The reduction in female effective population size from 6000 to 2000 years B.P. in our skyline plot does coincide with the appearance of a cold period in south-western China (Figure 5). It has been implied that summer monsoon precipitation changed asynchronously over East Asia during the Holocene, decreasing earlier in southern China and later in northern China [78]. Boreal pollen studies have indicated that there was a continuing and extensive decline in forest habitats in northern China around 4000 years B.P. [79]. The δ13C time series of the C. mulieensis remains and mixed plant cellulose of the Hongyuan peat in south-western China reflects that the Indian Ocean summer monsoon precipitation declined during 4200–4000 years B.P. [80]. The δ18O record of the Dunde ice core from Qilian Mountain in western China suggested that the lowest temperature was detected in that area in the same period. This period was also the time when Dayu regulated floodwater in southern China according to historical records, suggesting high precipitation during this cold period [81]. It is difficult to invoke human influences in this time period. However, archeological studies have shown that revolutionary improvements in farming technology occurred at the beginning of the Spring and Autumn Period in China (770–486 BC) [82]. The northern Qinling region was not extensively settled until the last 2.5 ky [83]. At Liangshan Mountain, it has been reported that agricultural activity expanded alongside a growing resident human population approximately 1000 years ago. Because agriculture came to Yunnan Province relatively late due to the steep topography and high altitude, it appears that anthropogenic disturbances were not critical in south-western China at that time.

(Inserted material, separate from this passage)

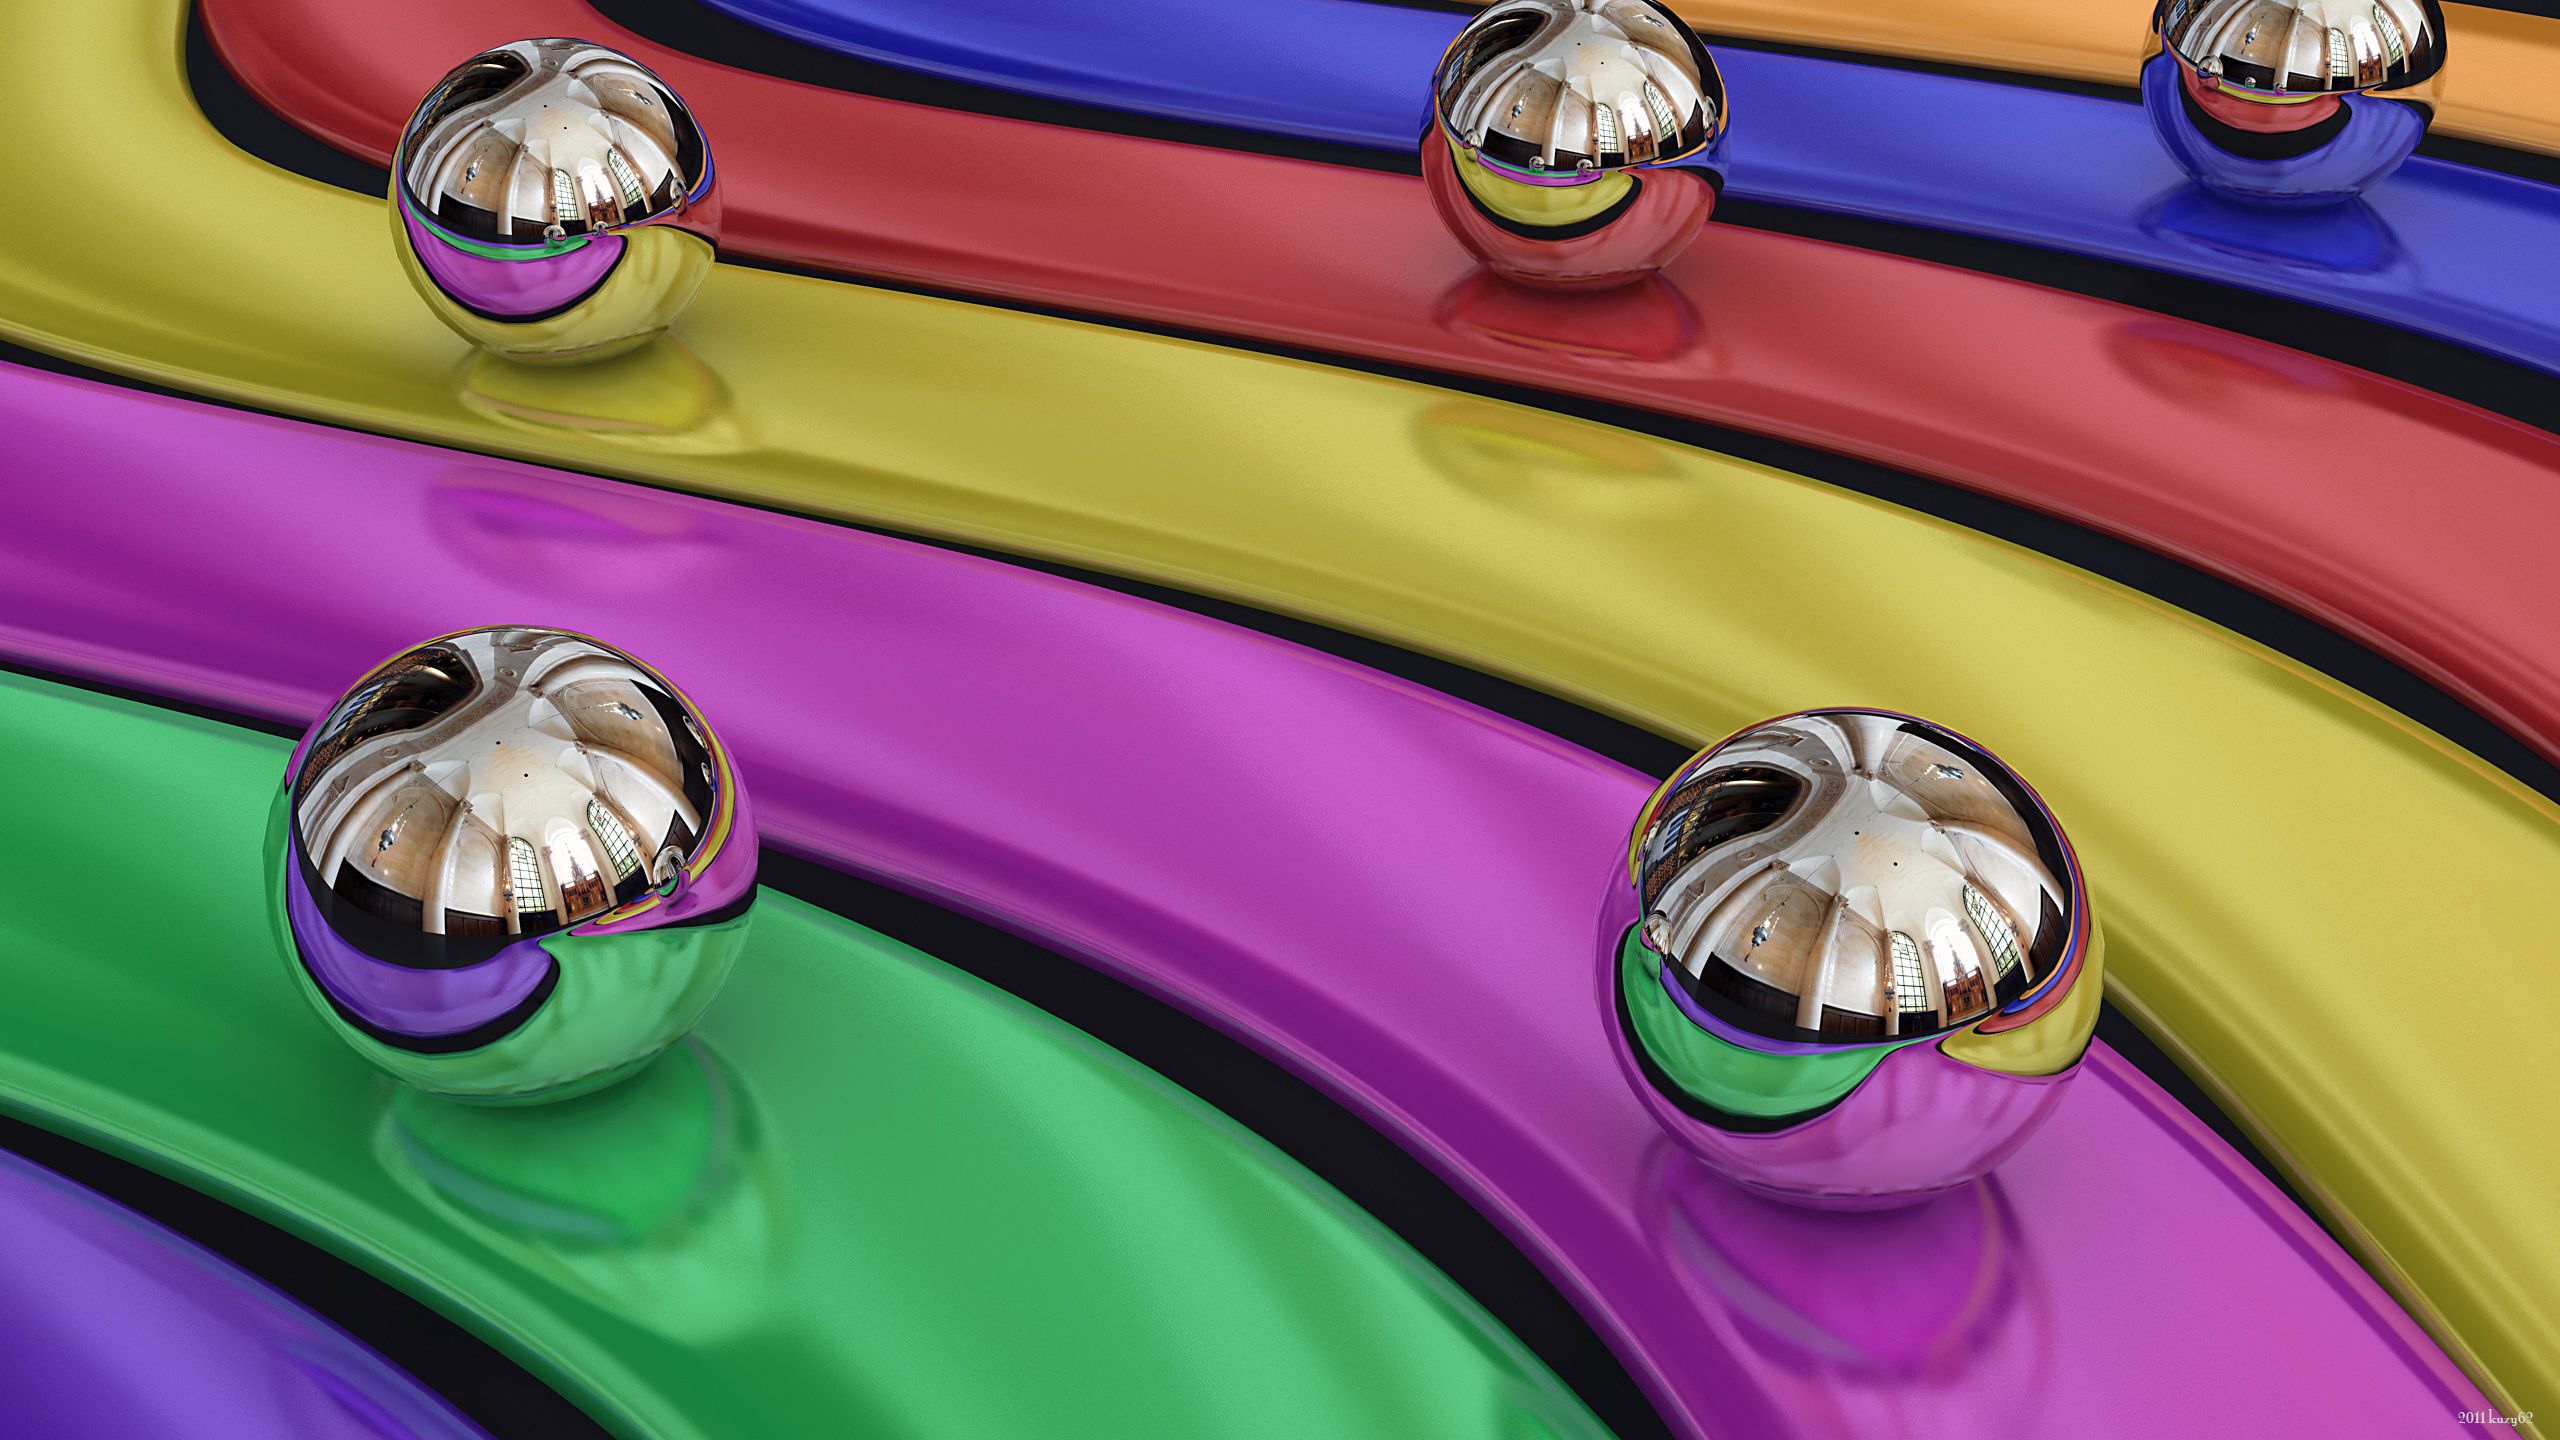 Wallpaper for mobile devices rainbow, iridescent, motley, balls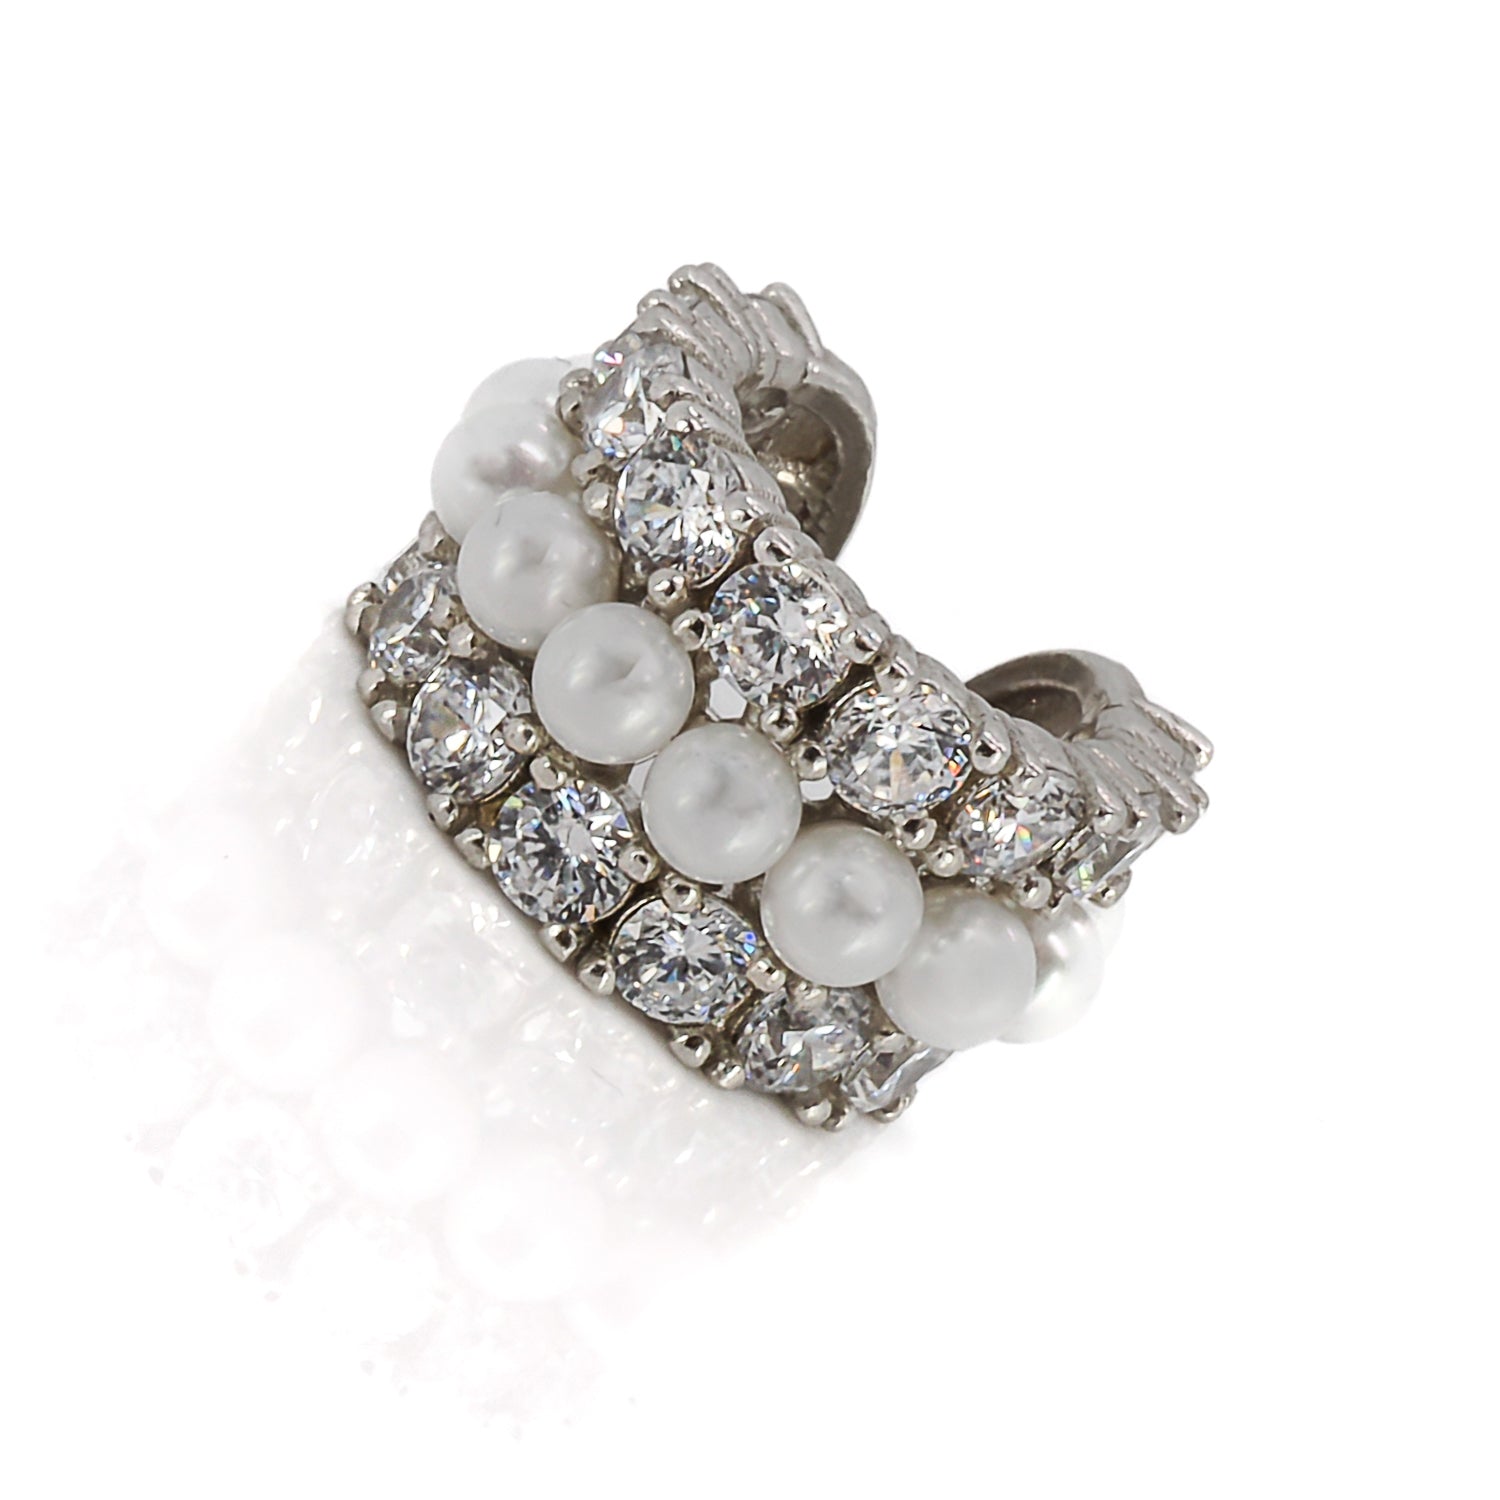 Elegance Meets Versatility - Diamond & Pearl Silver Cuff Earring Handcrafted in the USA.

While it seems that the giant panda individuals in this study fell into the sinkhole while the area was still richly forested, the fact that their bones had been washed into their positions, and that the soil deposits in the floor in the sinkhole revealed flooding events and soil erosion, could suggest local deforestation by humans [38]. Later on, there is increasing evidence of human activities, especially during the last 600 years. An early to middle Ming Dynasty bowl was found in the cave fill below the mouth of the sinkhole [36]. Unequivocally, in the early period of the Ming Dynasty, soldiers had been dispatched as residential agricultural armies to inhabit and undertake farming in frontier areas such as Yunnan that had previously been governed by other polities. Moreover, an acceleration of habitat loss and degradation occurred during the middle Qing Dynasty (1723–1820 AD) when highly productive crops such as maize and potato were widely planted [84]. As such, the rapid range contraction and fragmentation of giant panda populations caused by human activities would appear to be a relatively recent phenomenon. This interpretation is supported by our genetic data, which fail to reveal any substantial decreases in effective population size.

The mitochondrial sequence data set used here has already provided clues with regard to population size and genetic diversity through time. Larger sequence datasets, such as the whole genome sequencing of Holocene giant panda individuals, will likely allow further identification of the extent of genetic diversity loss and hopefully reveal key factors involved in the contraction of giant panda population and range sizes.